---- Provided records

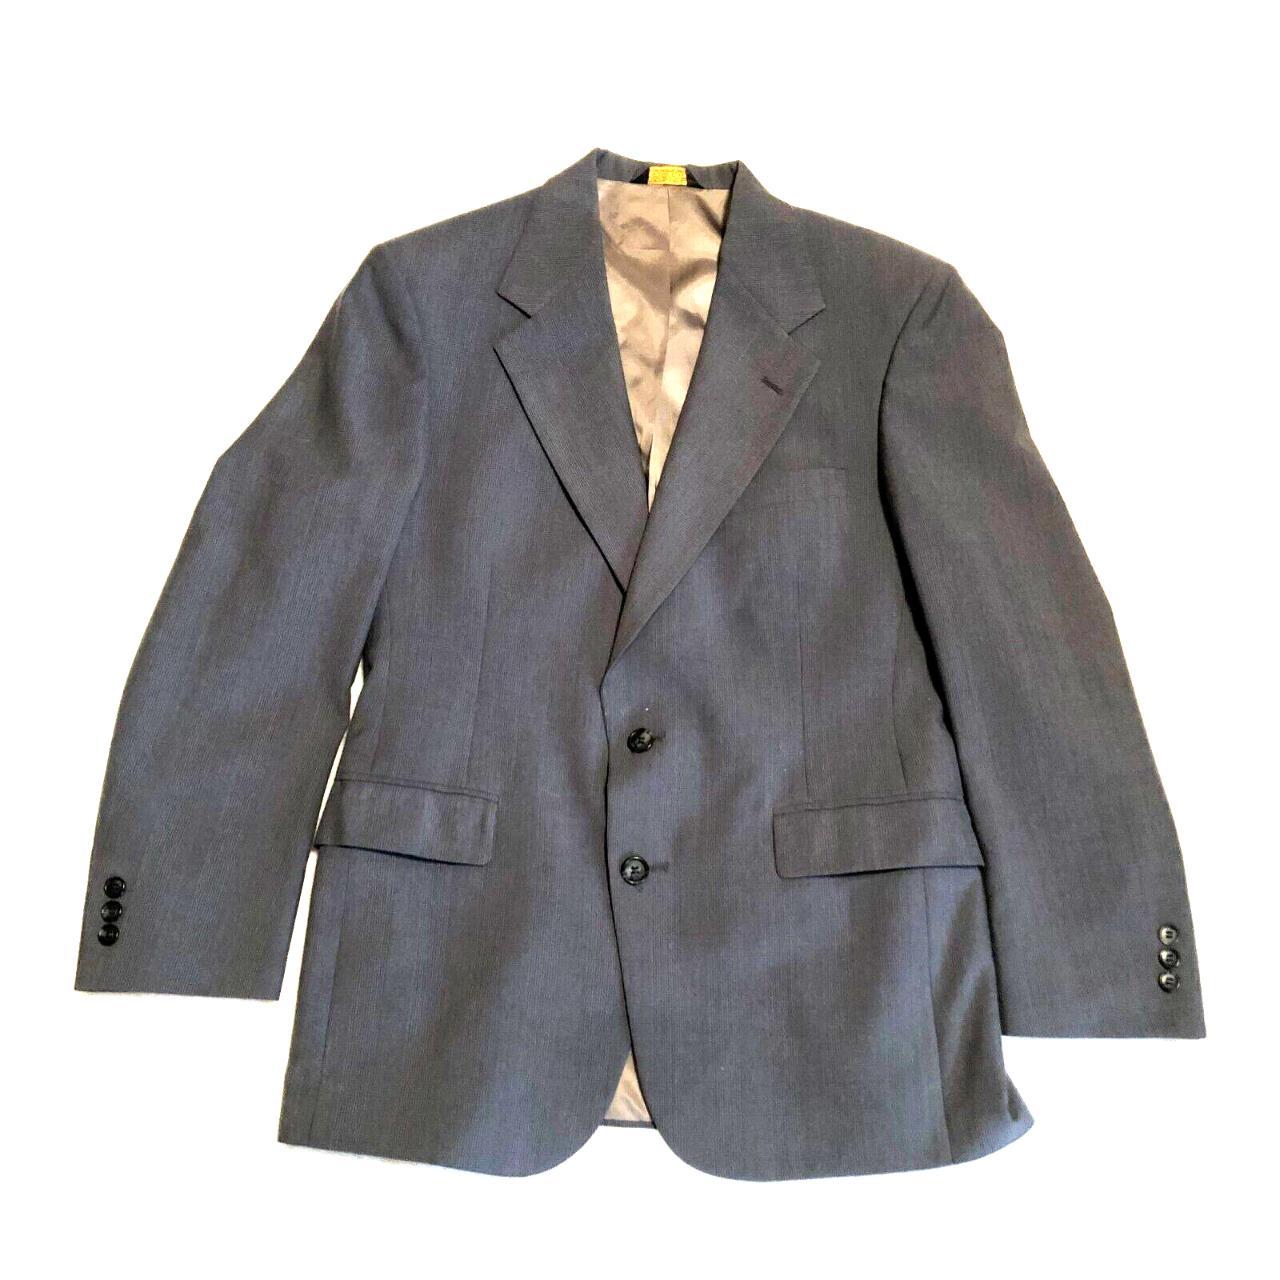 VTG Johnny Carson Suit Jacket Size 42R Grey Made in... - Depop
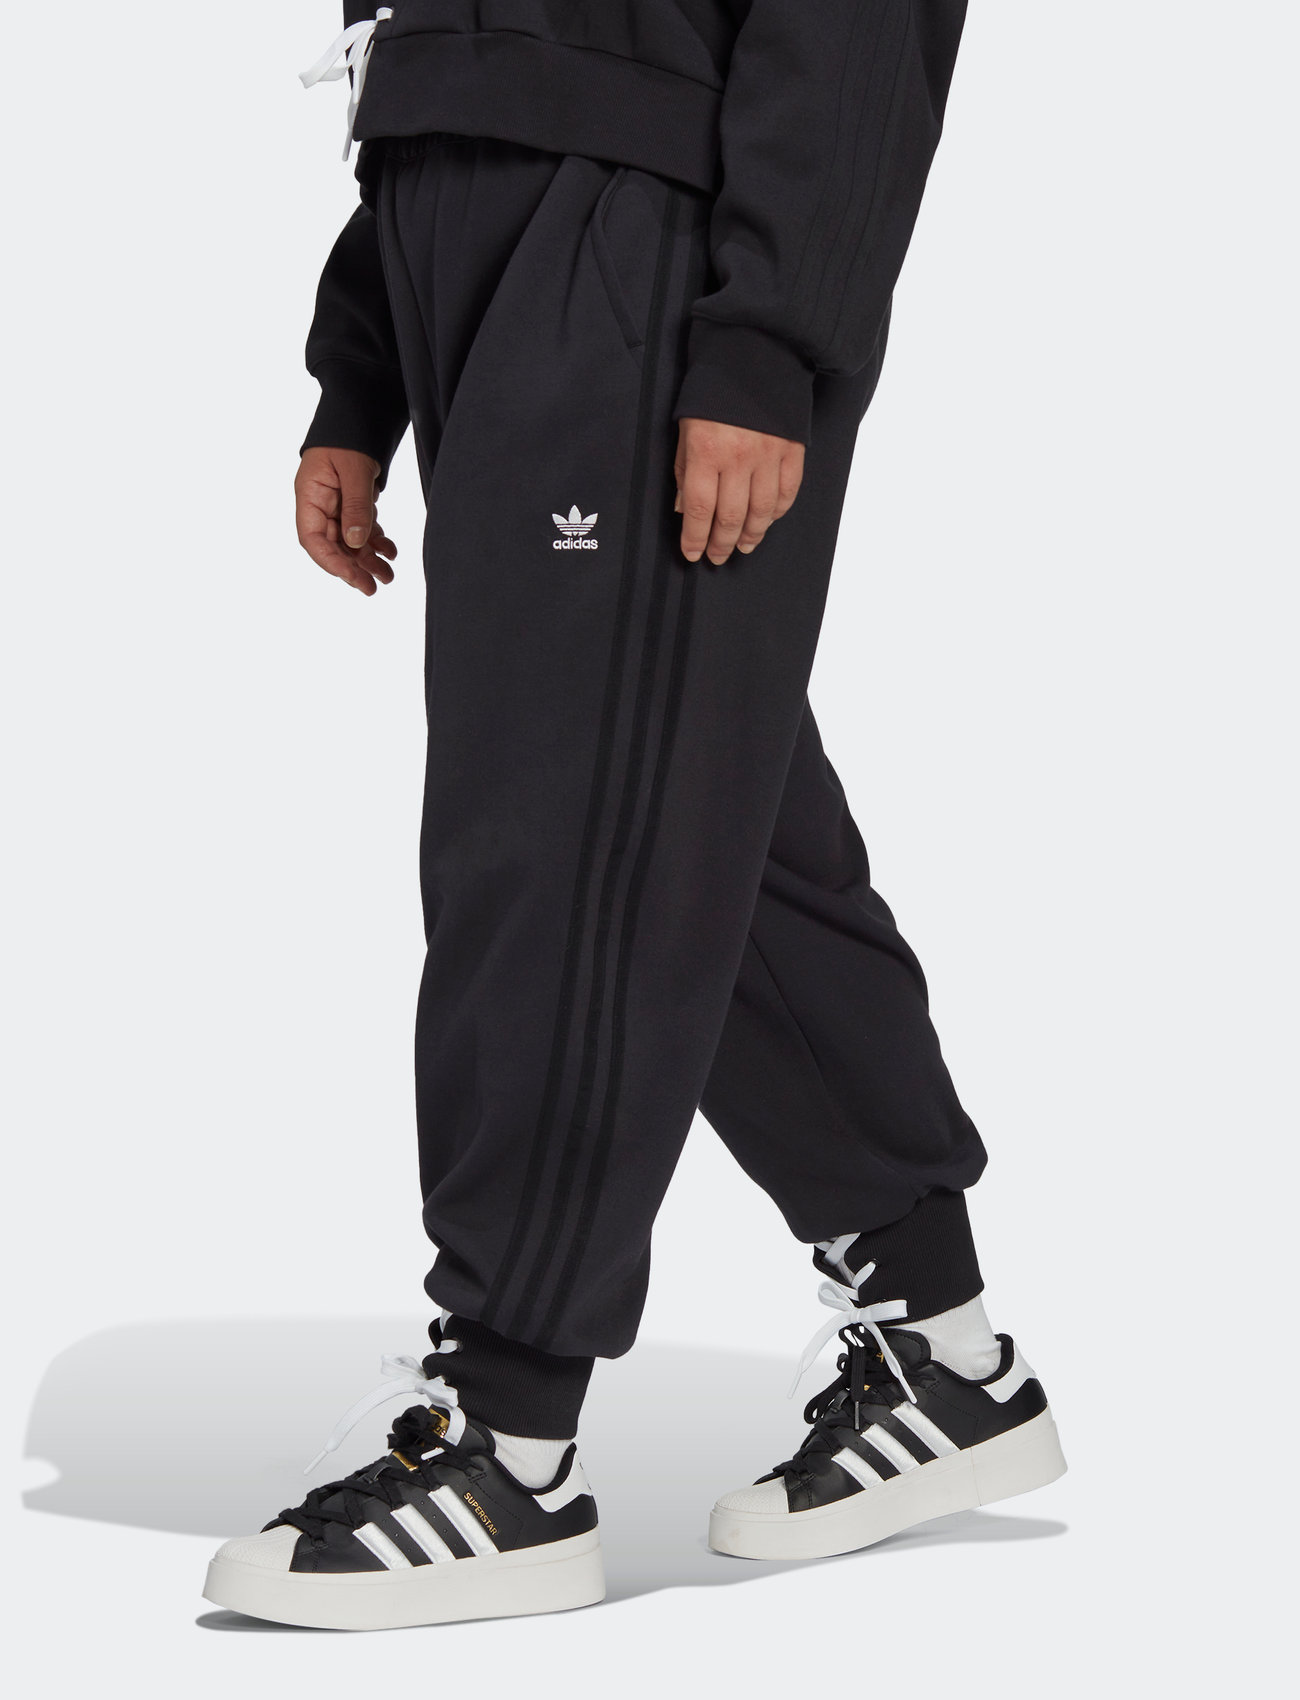 adidas Originals Always Original Laced Cuff Tracksuit Bottoms (plus Size) -  Sweatpants | Tights
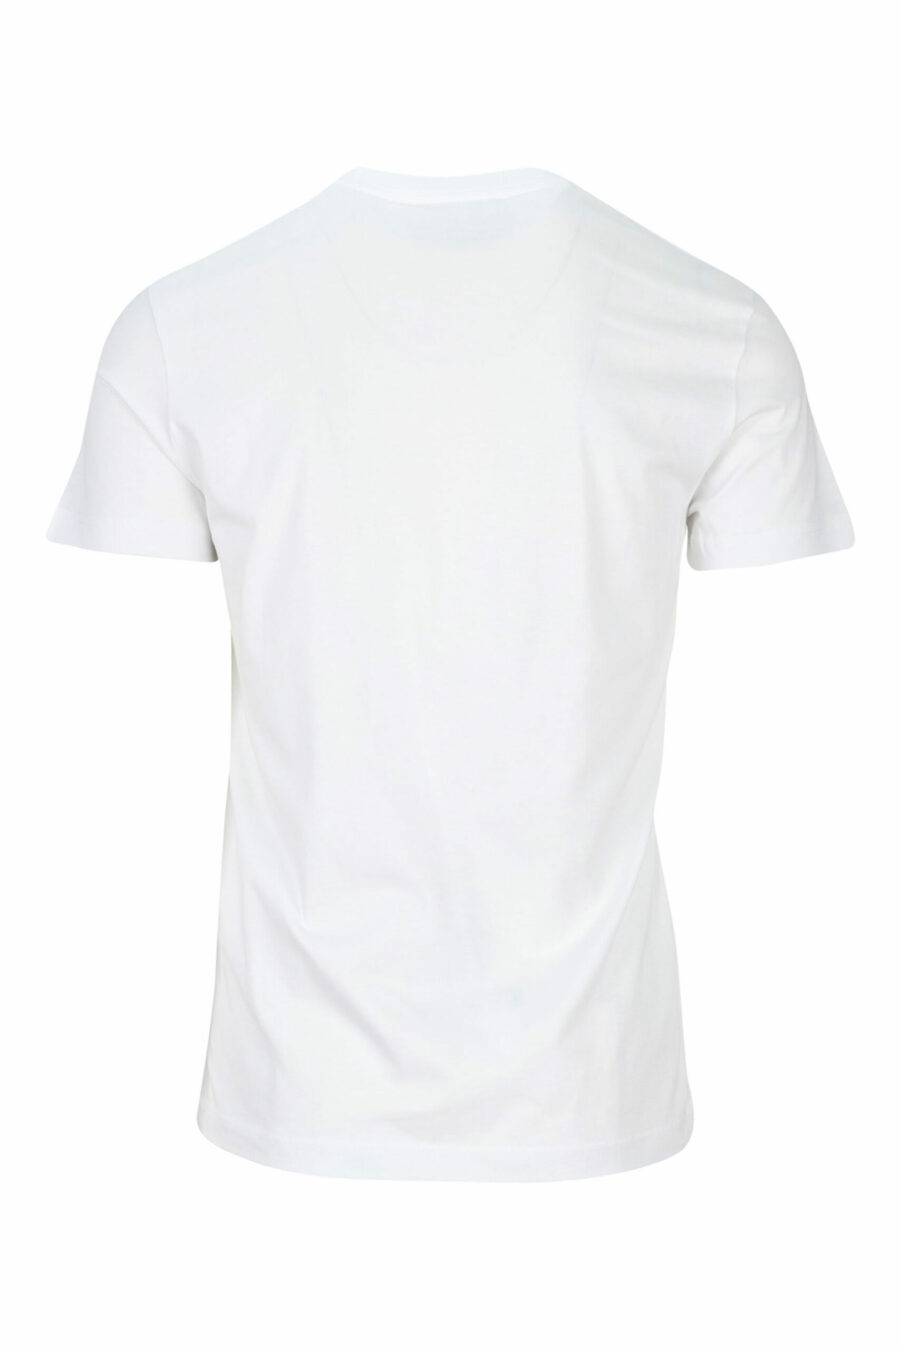 Weißes T-Shirt mit silbernem "Stückzahl"-Minilog - 8052019456936 1 skaliert
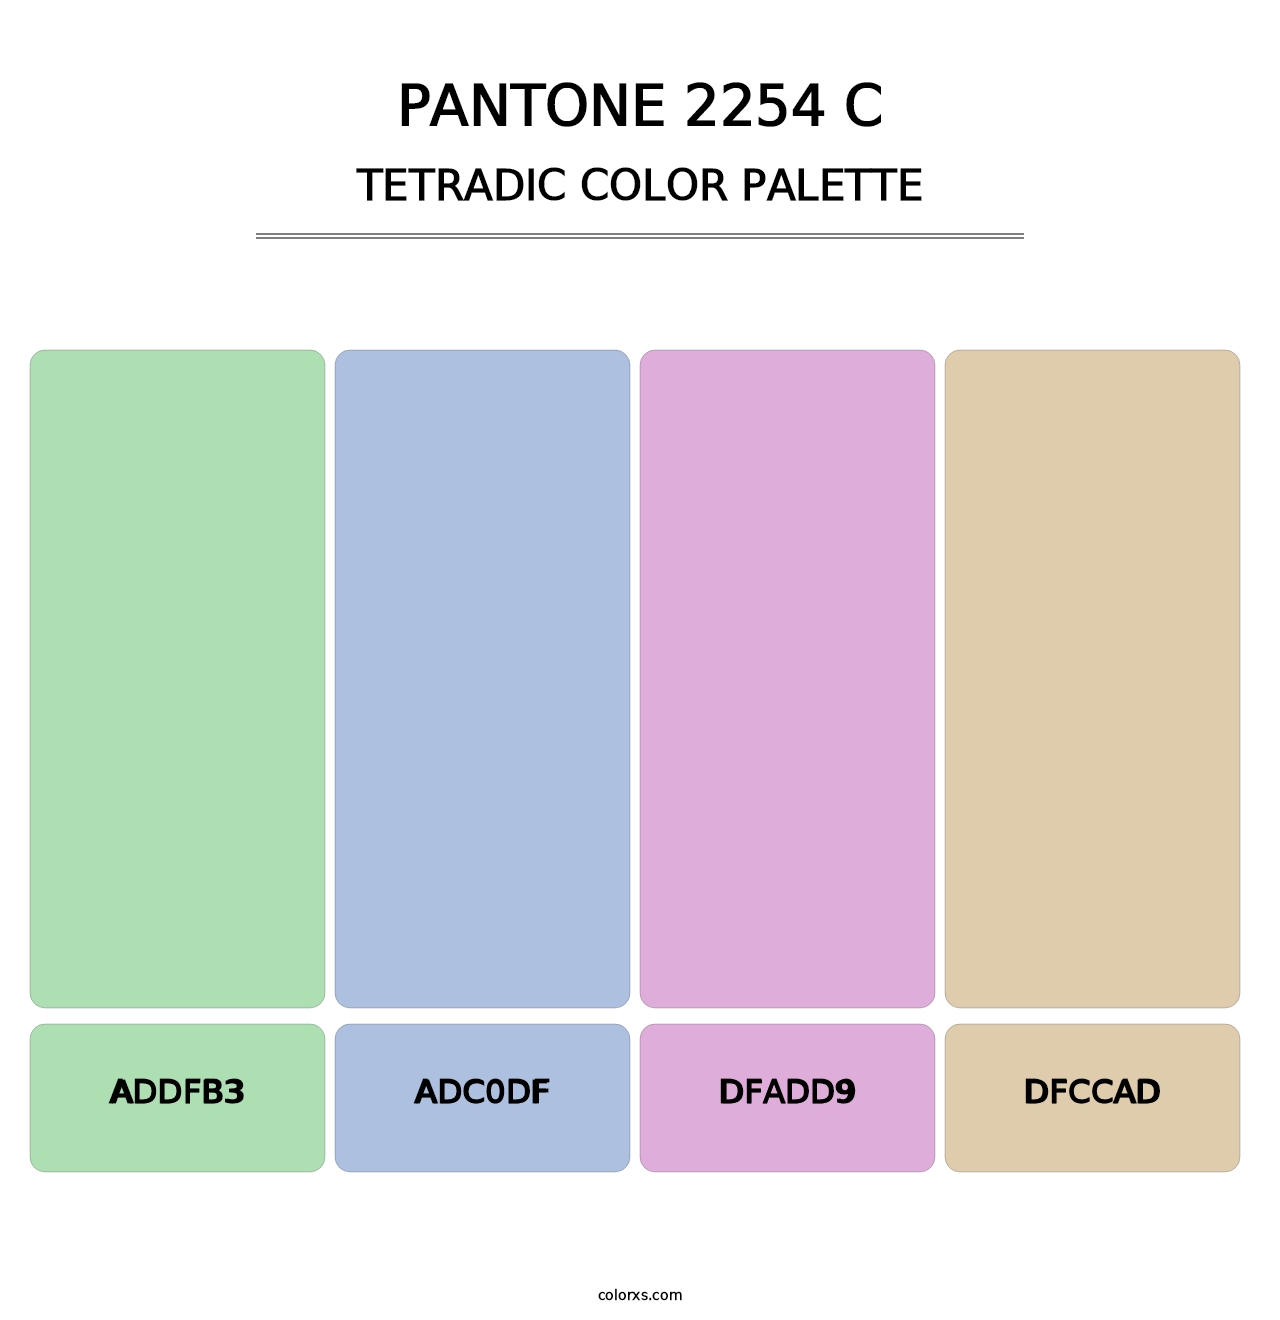 PANTONE 2254 C - Tetradic Color Palette
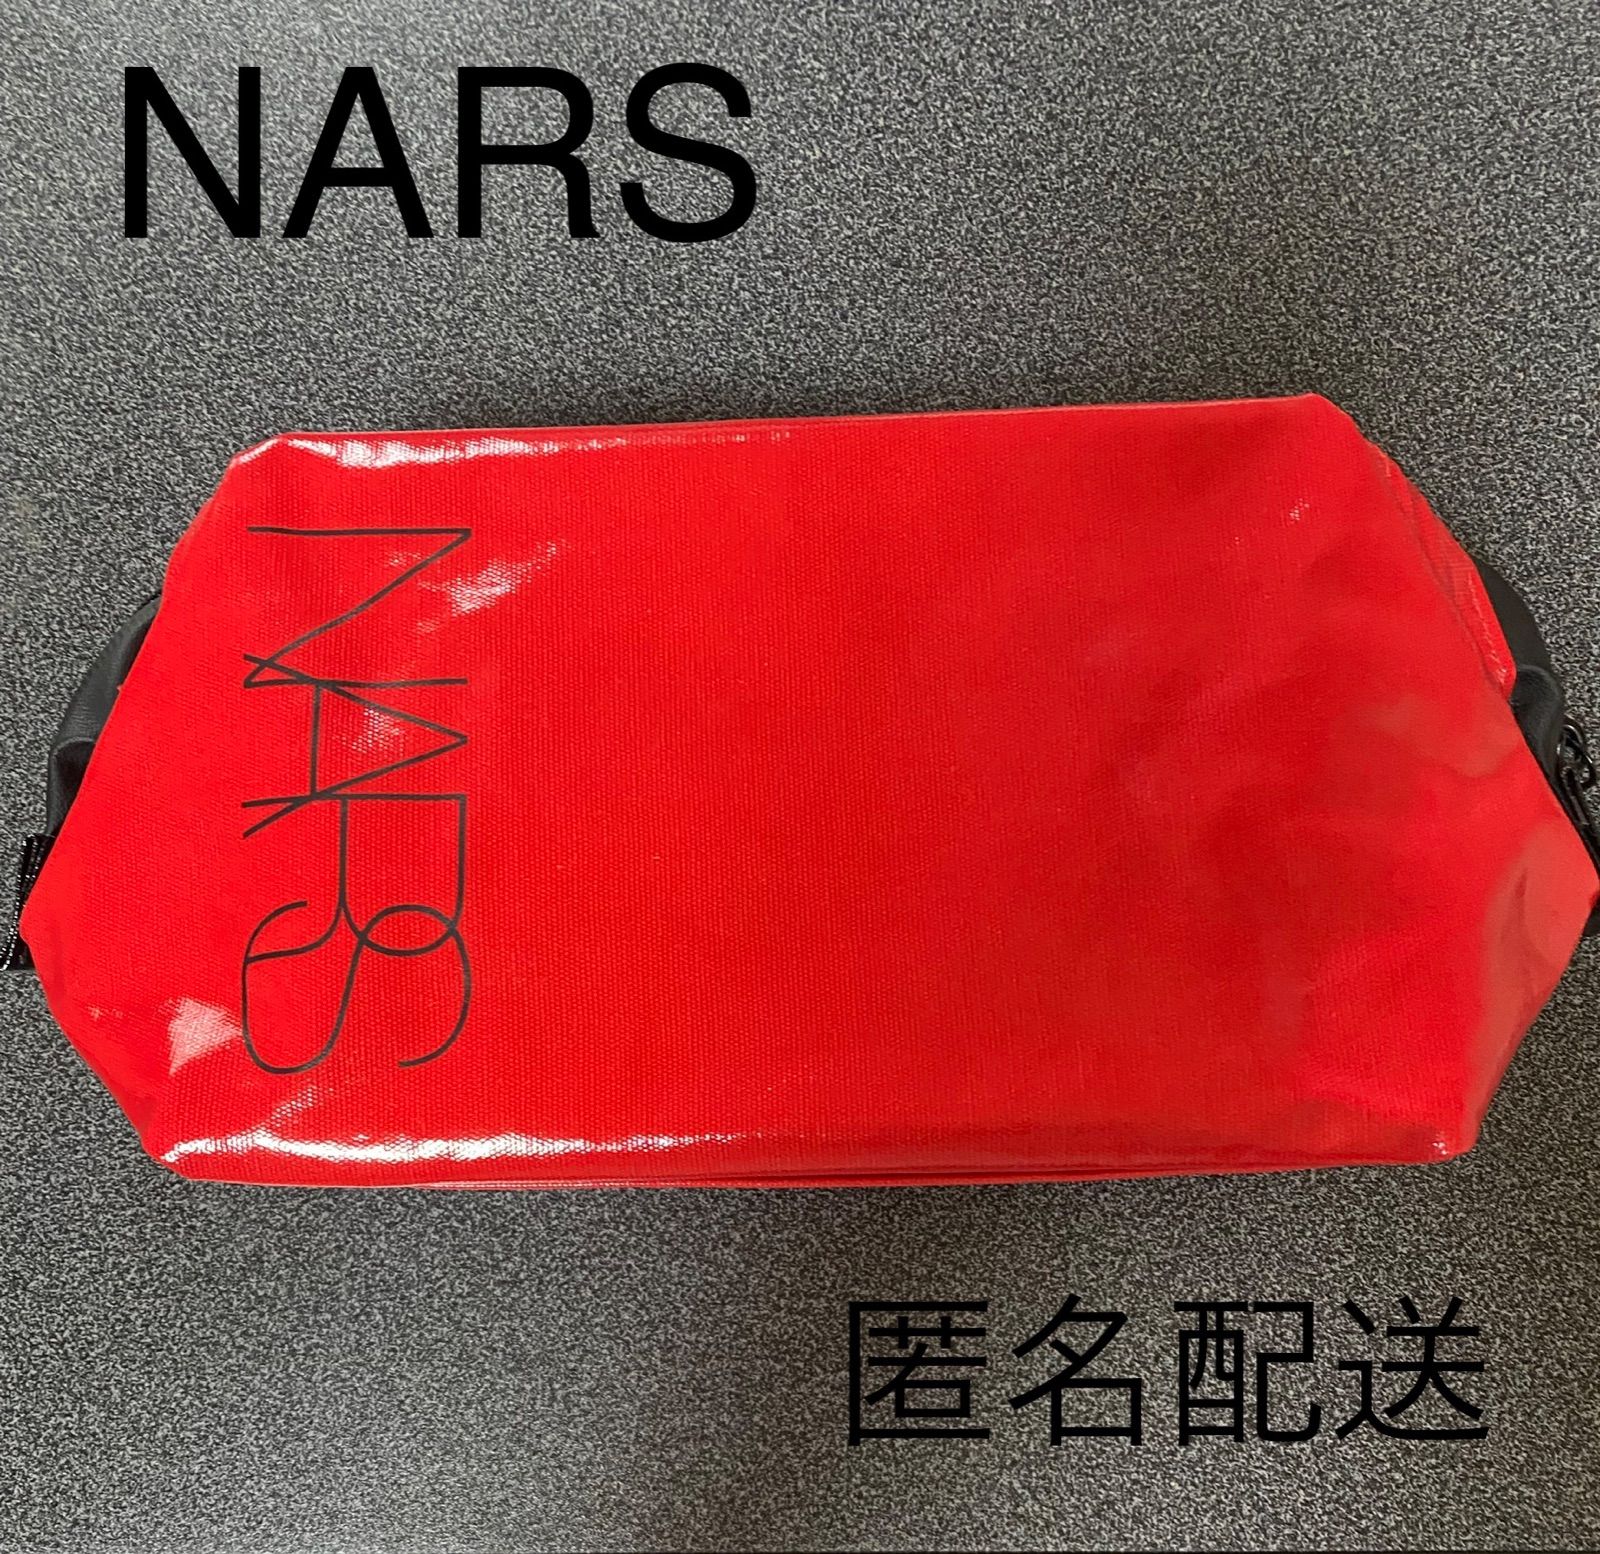 NARS ナーズ ポーチ ピンク - メイク道具・化粧小物

--------

*Problem to work on*. Exclude the pictures and give back the rest of the data above exactly as written.

*Answer box*.
 VTG Johnny Carson Suit Jacket Size 42R Grey Made in... - Depop
 adidas Originals Always Original Laced Cuff Tracksuit Bottoms (plus Size) -  Sweatpants | Tights
 Weißes T-Shirt mit silbernem "Stückzahl"-Minilog - 8052019456936 1 skaliert
 PANTONE 2254 C - Tetradic Color Palette
 NARS ナーズ ポーチ ピンク - メイク道具・化粧小物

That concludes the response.